Data segment >>
——————————

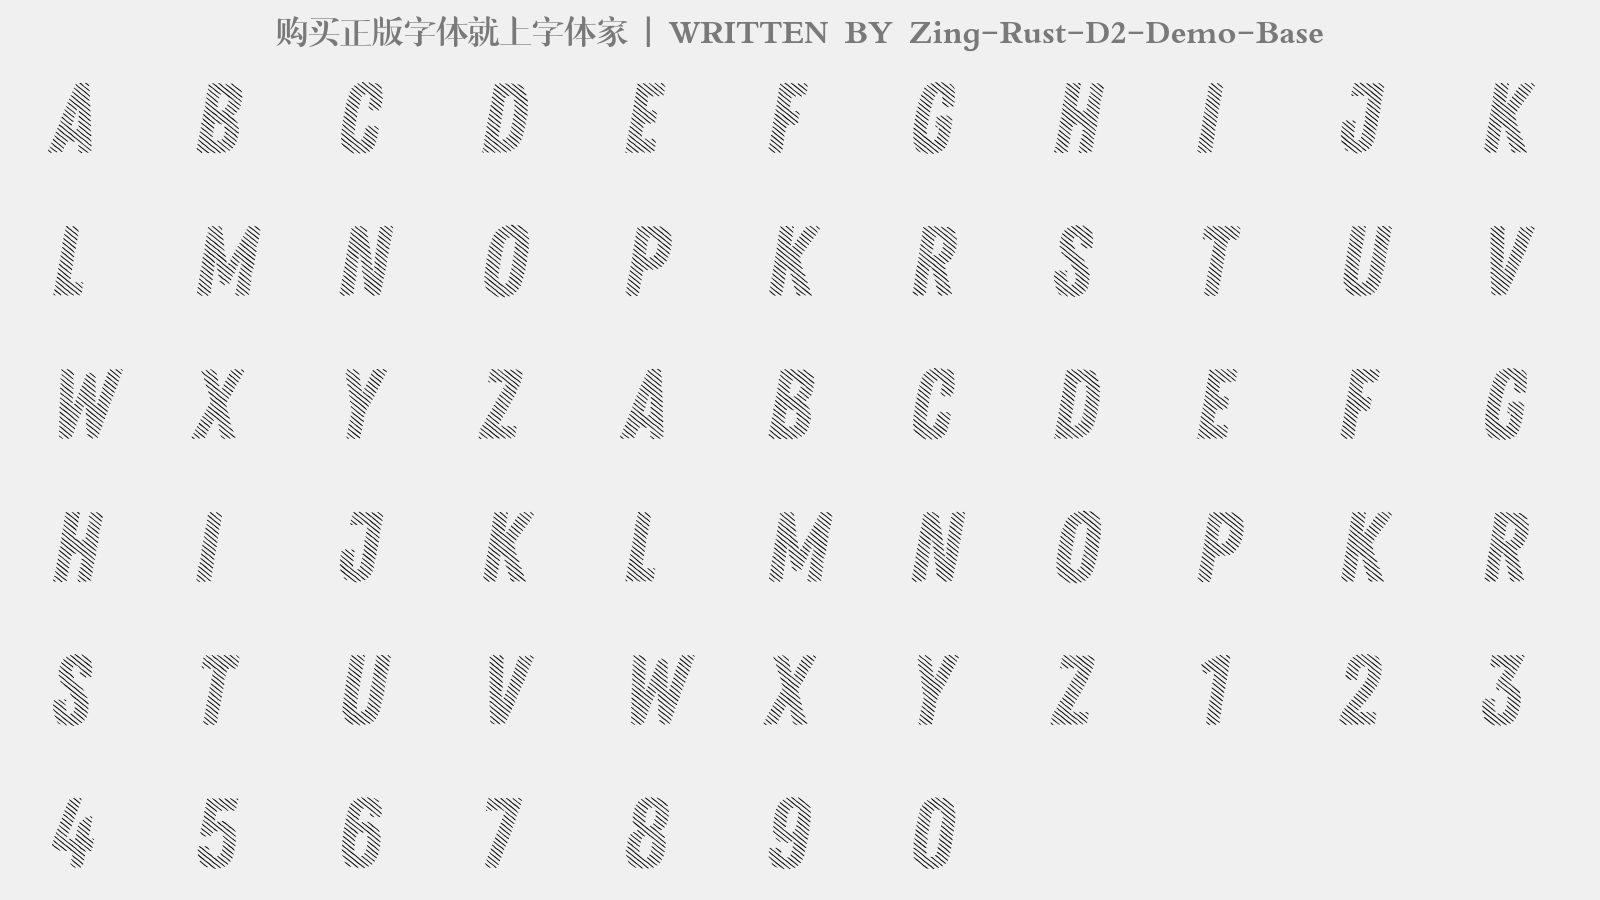 Zing-Rust-D2-Demo-Base - 大写字母/小写字母/数字
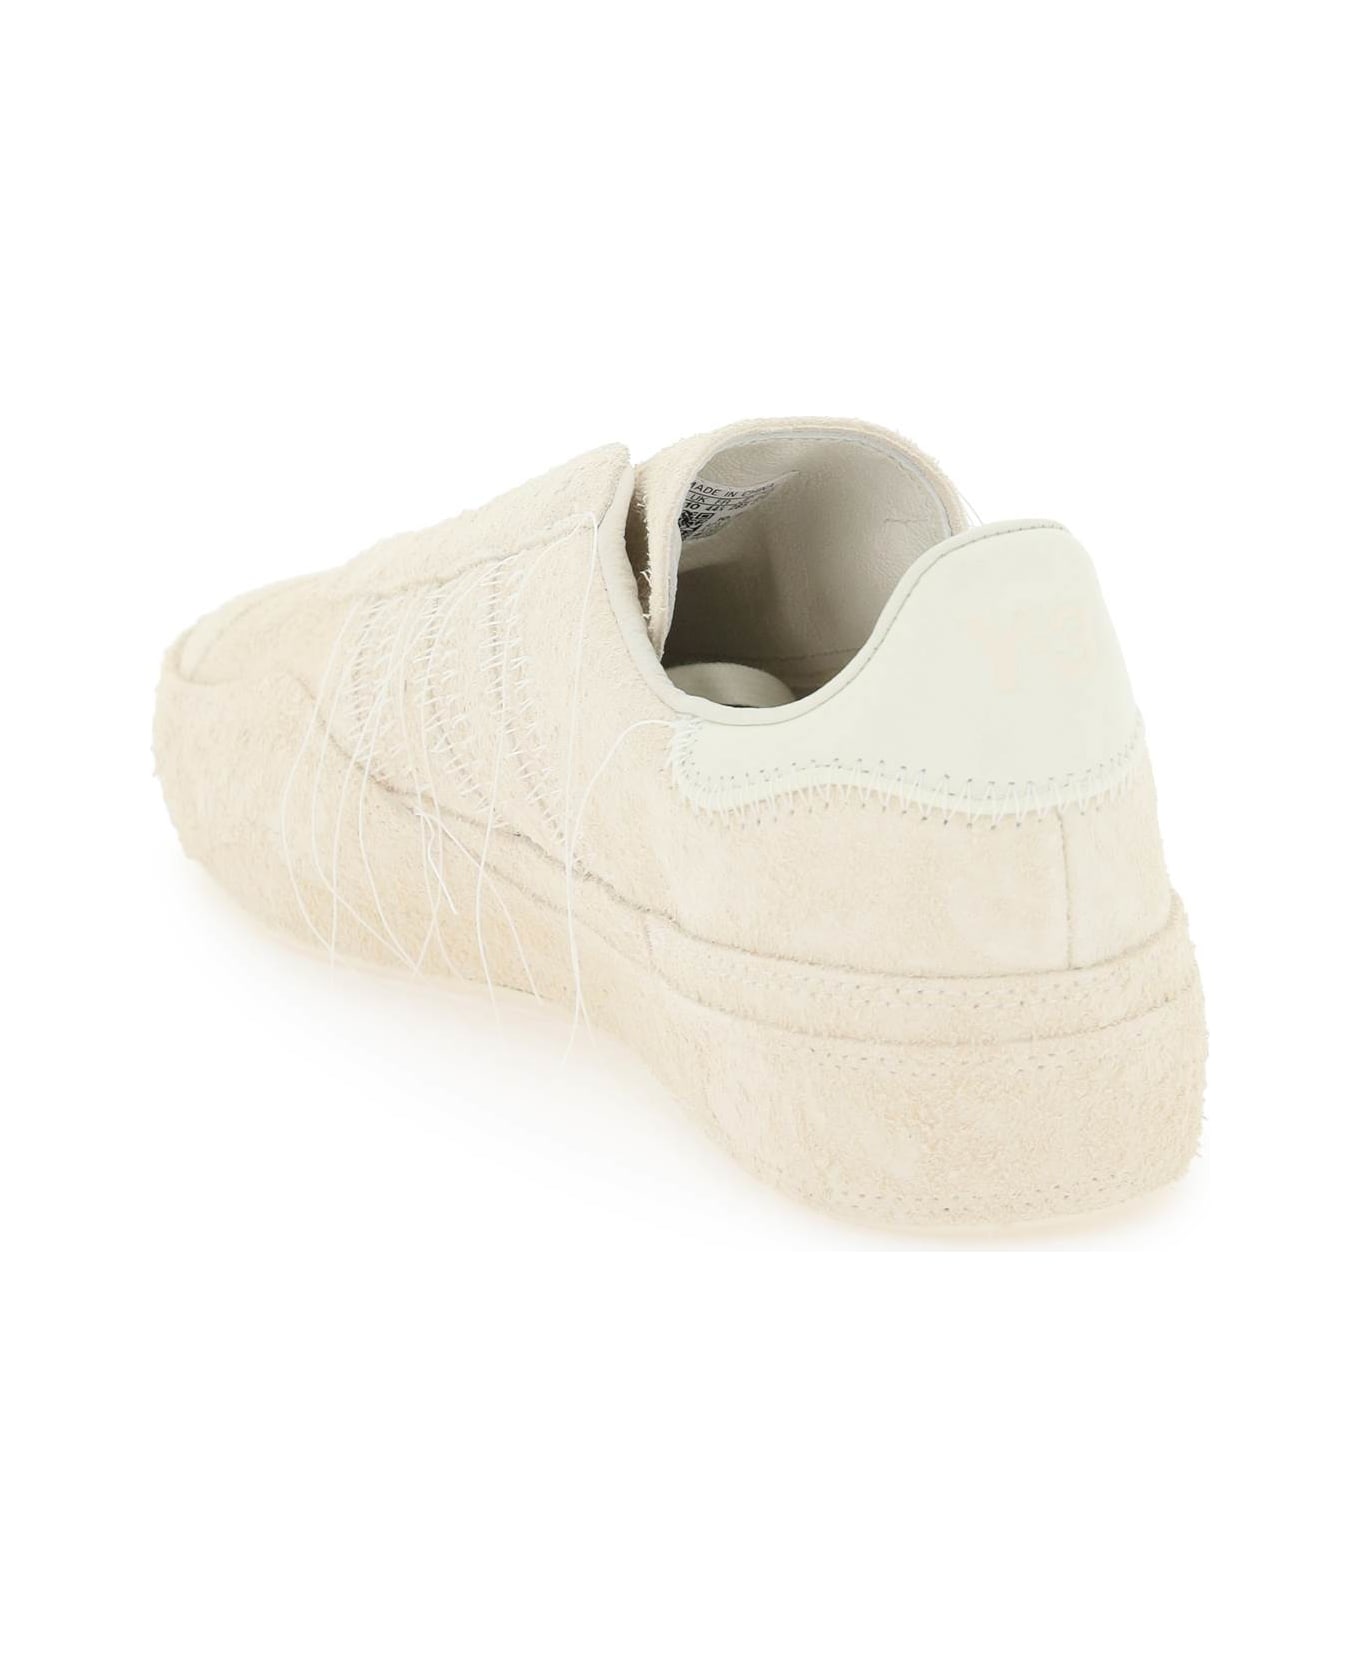 Y-3 Gazelle Sneakers - White
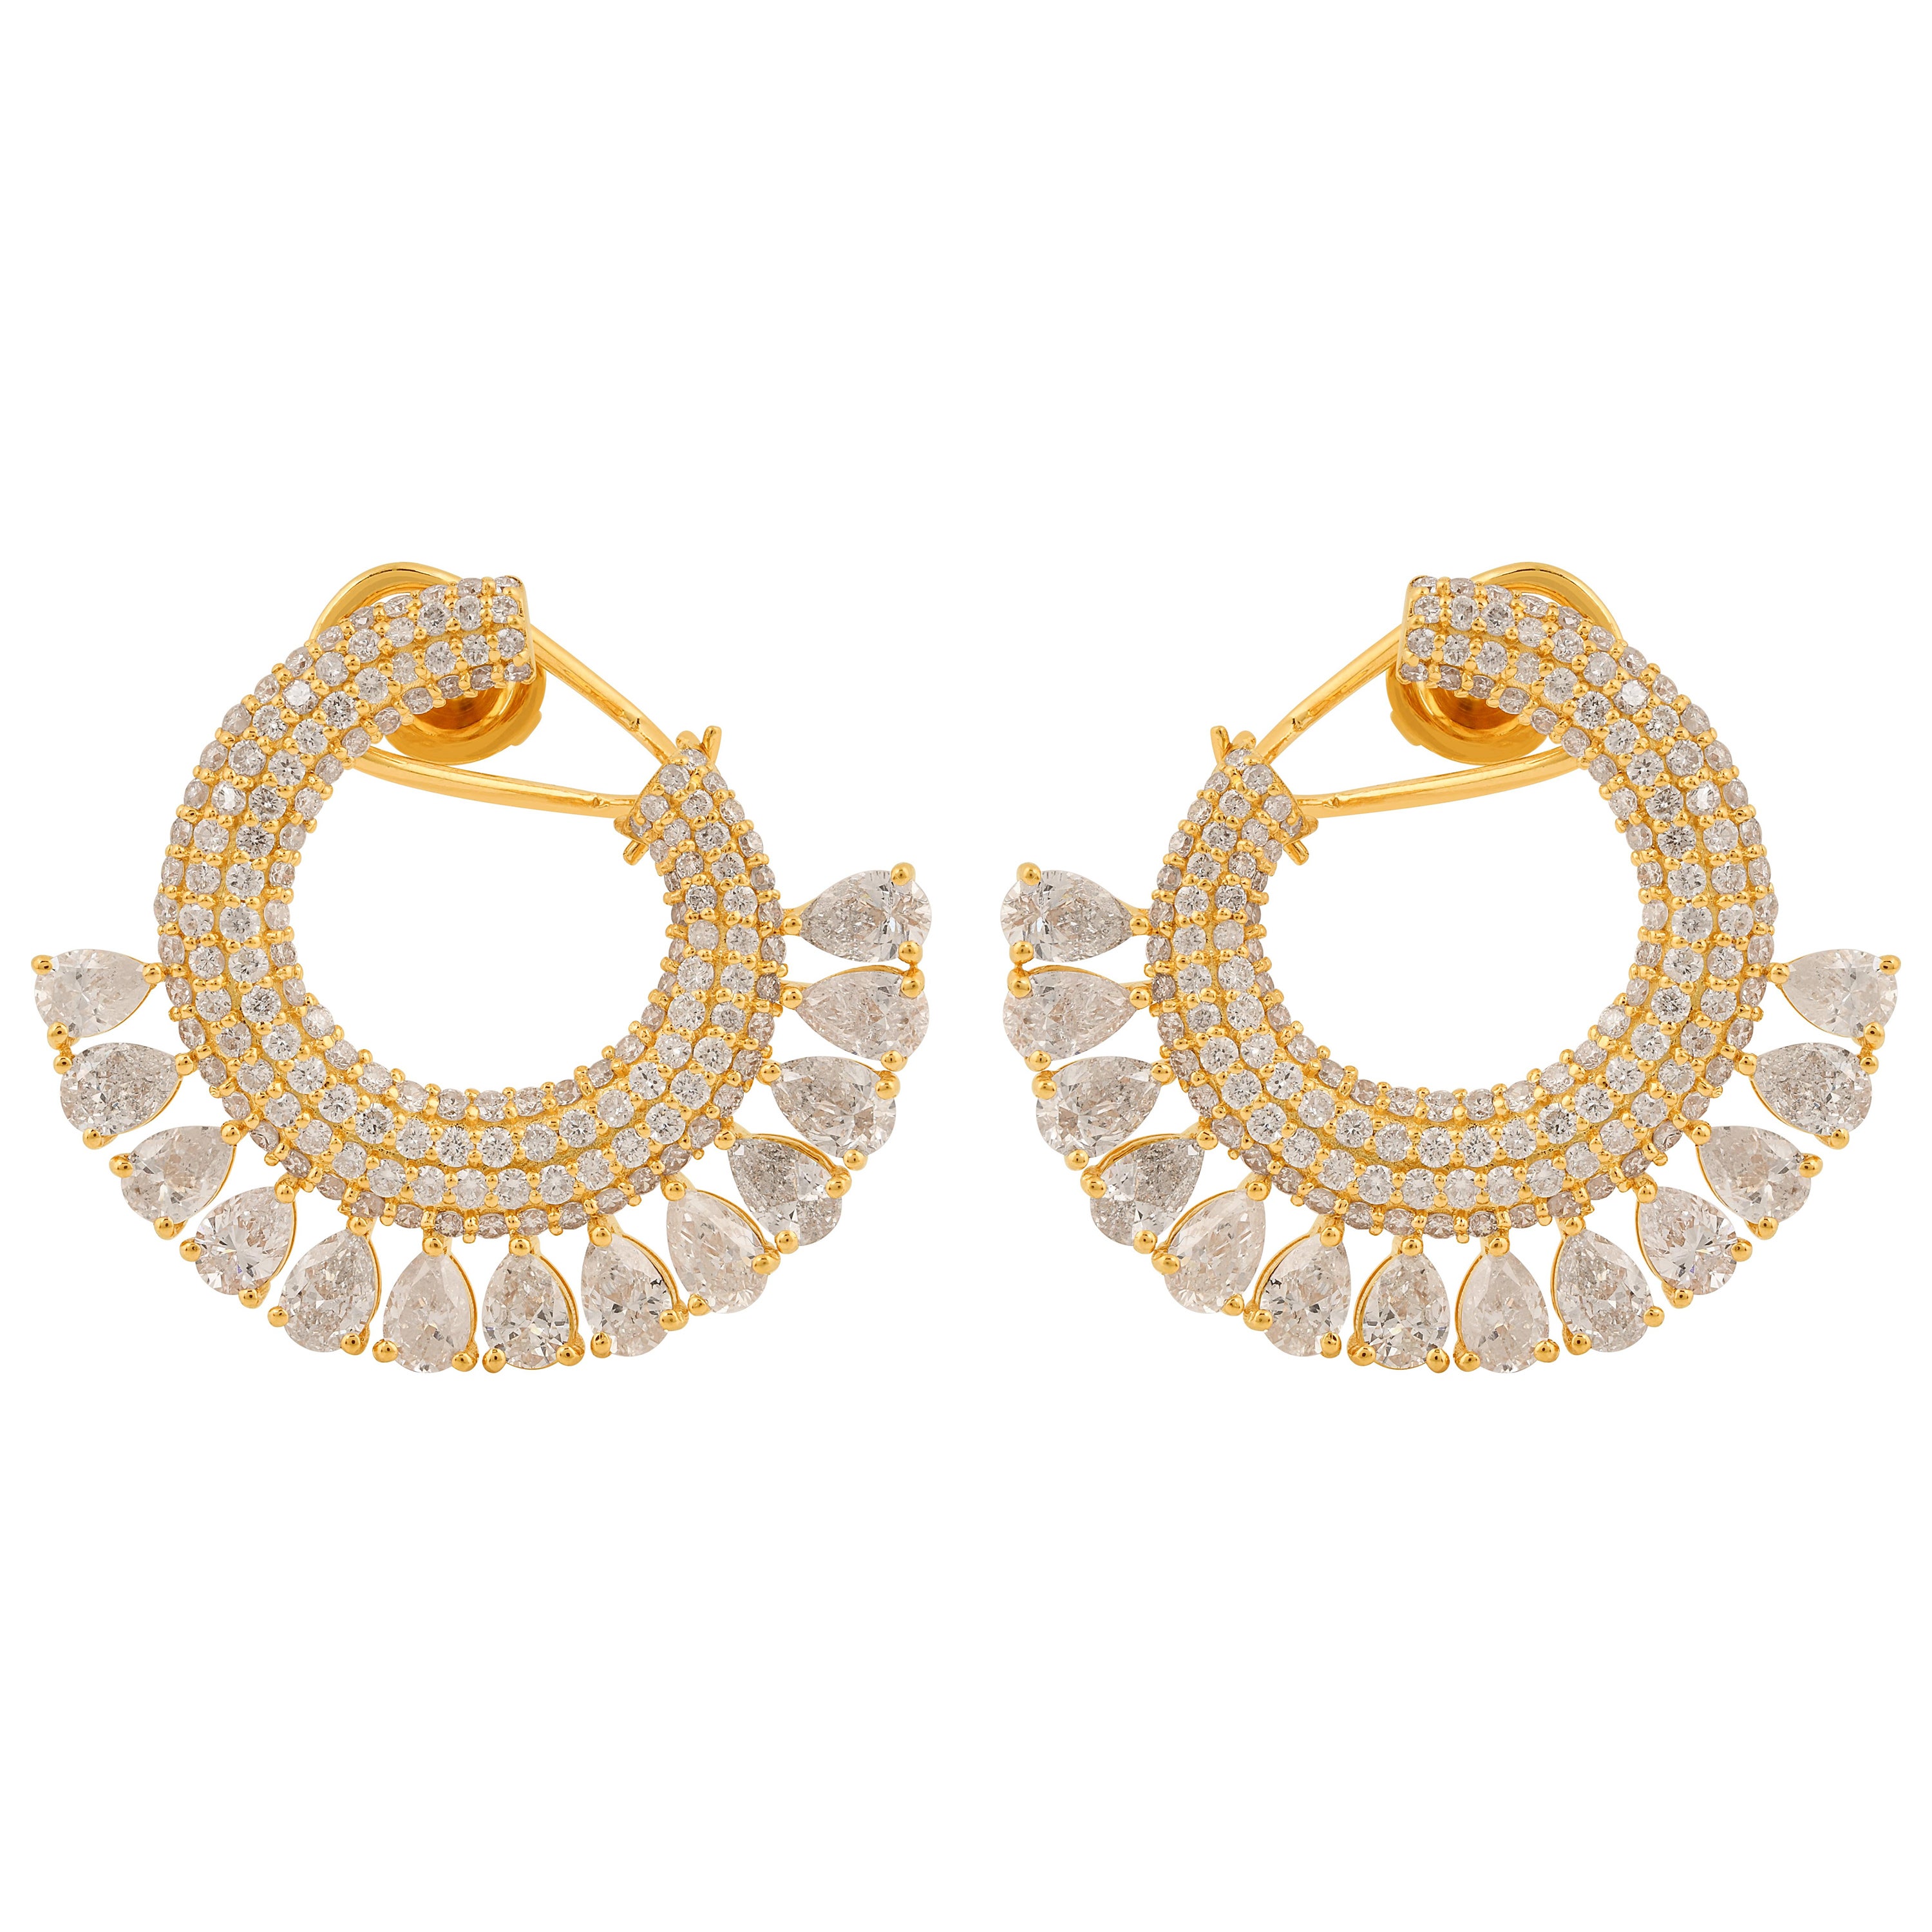 Certified 8 Carat SI Clarity HI Color Pear Diamond Earrings 14 Karat Yellow Gold For Sale

——————————

Task brief >>
Any picture found in the data is to be skipped while the rest is copied exactly.

Exercise response >>
 Zing-Rust-D2-Demo-Base - 大写字母/小写字母/数字
 Y-3 Gazelle Sneakers - White
 Certified 8 Carat SI Clarity HI Color Pear Diamond Earrings 14 Karat Yellow Gold For Sale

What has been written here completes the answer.